• [WHAT YOU SHOULD DO]
Could you restate, exactly and with nothing added, the lines from the start of the data through the line that holds "FRENCH COLONIES 5", leaving the pictures out?

• [THE DATA]
--- START ---

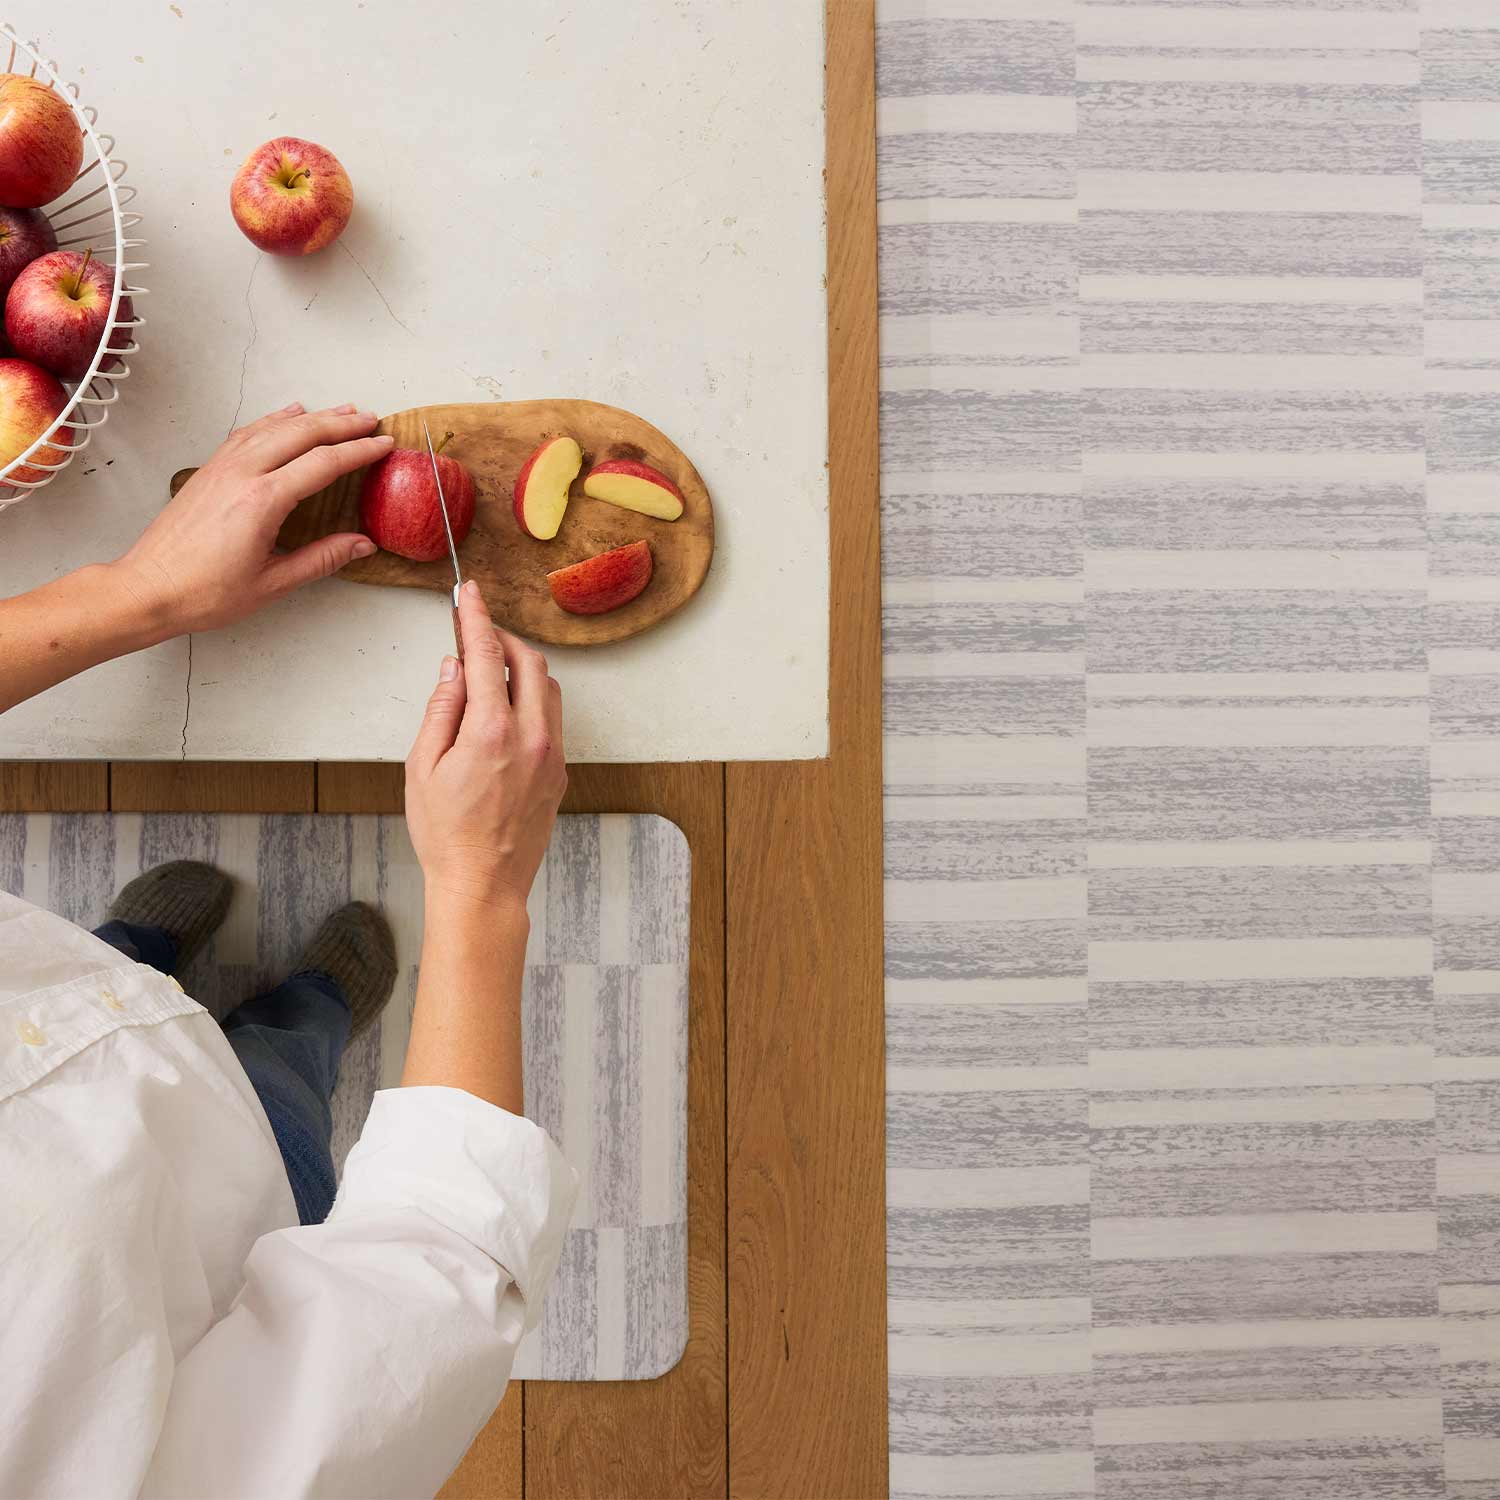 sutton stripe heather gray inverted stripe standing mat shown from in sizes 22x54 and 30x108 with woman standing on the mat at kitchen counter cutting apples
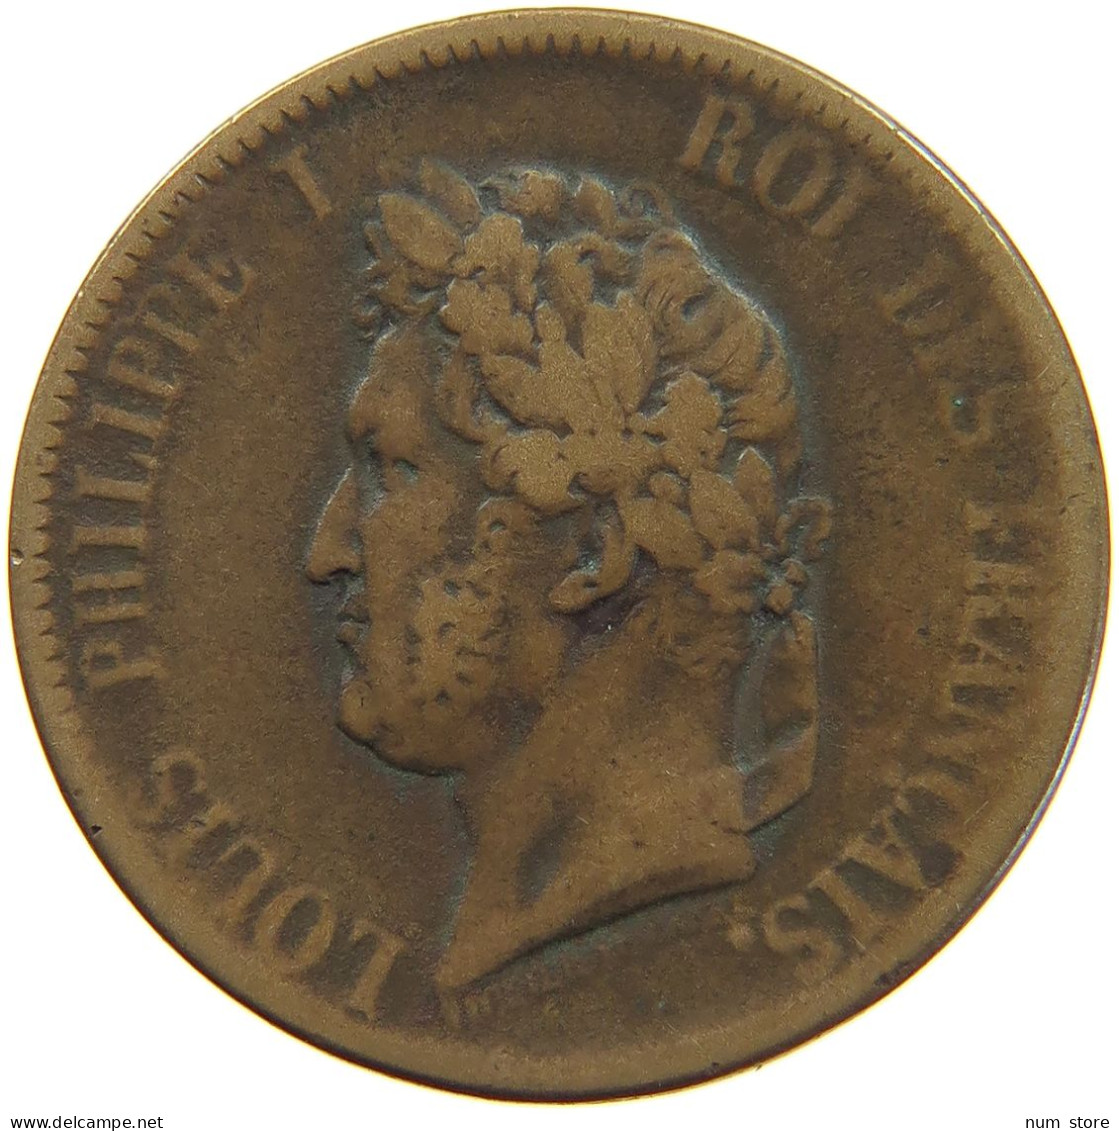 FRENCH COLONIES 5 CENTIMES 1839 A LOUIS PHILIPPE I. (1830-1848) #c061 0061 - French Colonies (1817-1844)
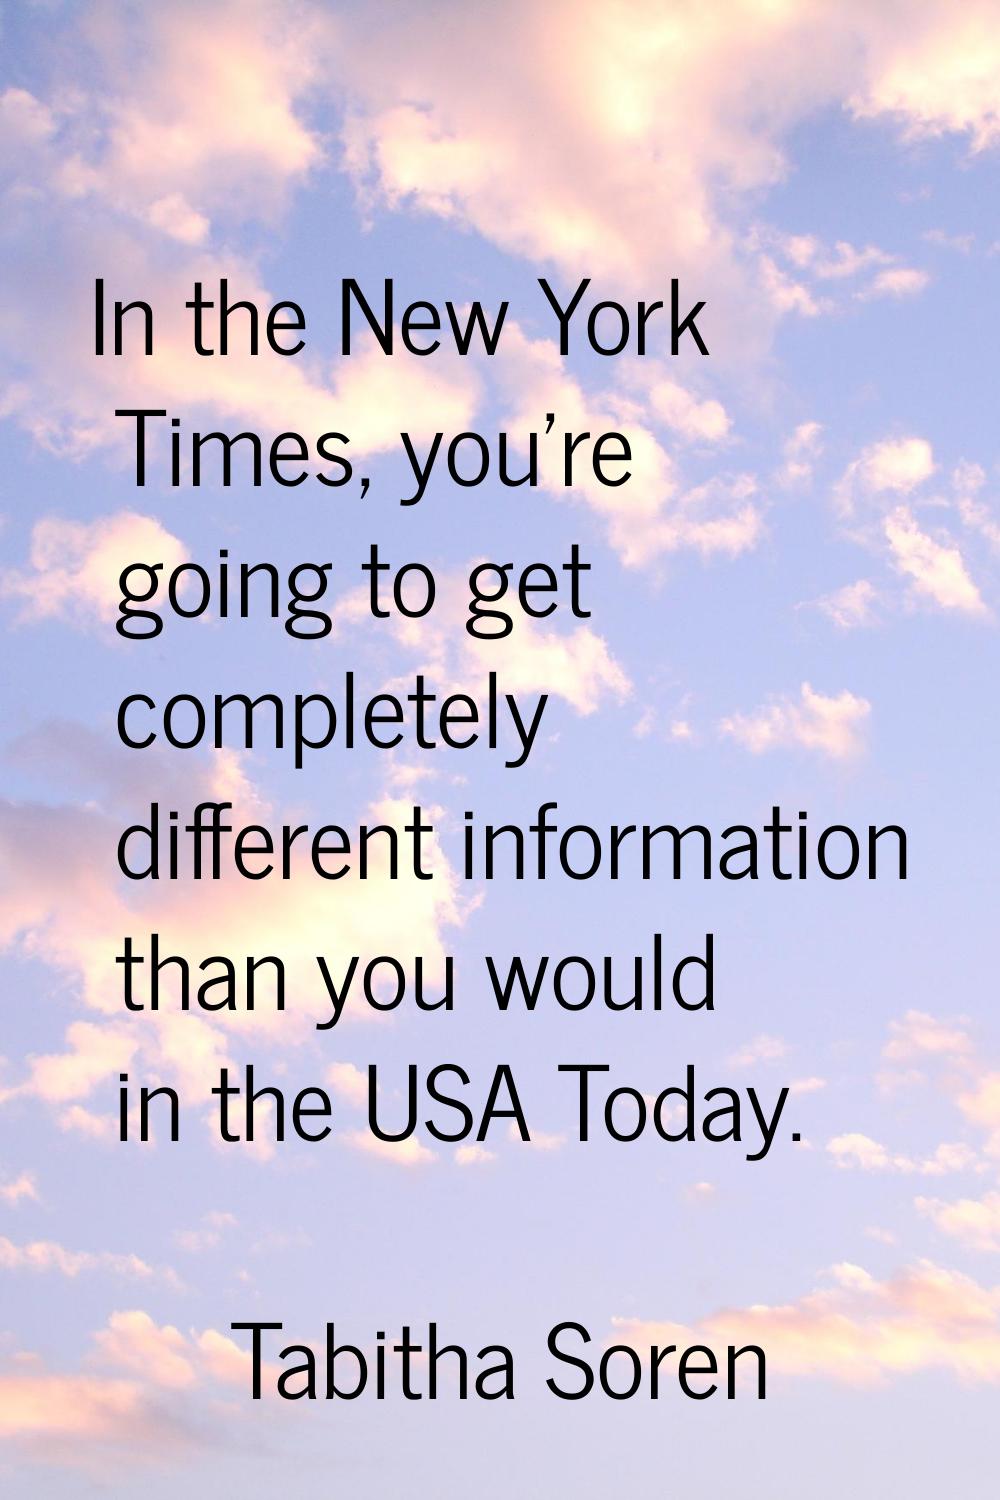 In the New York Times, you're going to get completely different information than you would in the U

--- END ---

• [RESPONSE TO THIS TASK]
 sutton stripe heather gray inverted stripe standing mat shown from in sizes 22x54 and 30x108 with woman standing on the mat at kitchen counter cutting apples
 FRENCH COLONIES 5 CENTIMES 1839 A LOUIS PHILIPPE I. (1830-1848) #c061 0061 - French Colonies (1817-1844)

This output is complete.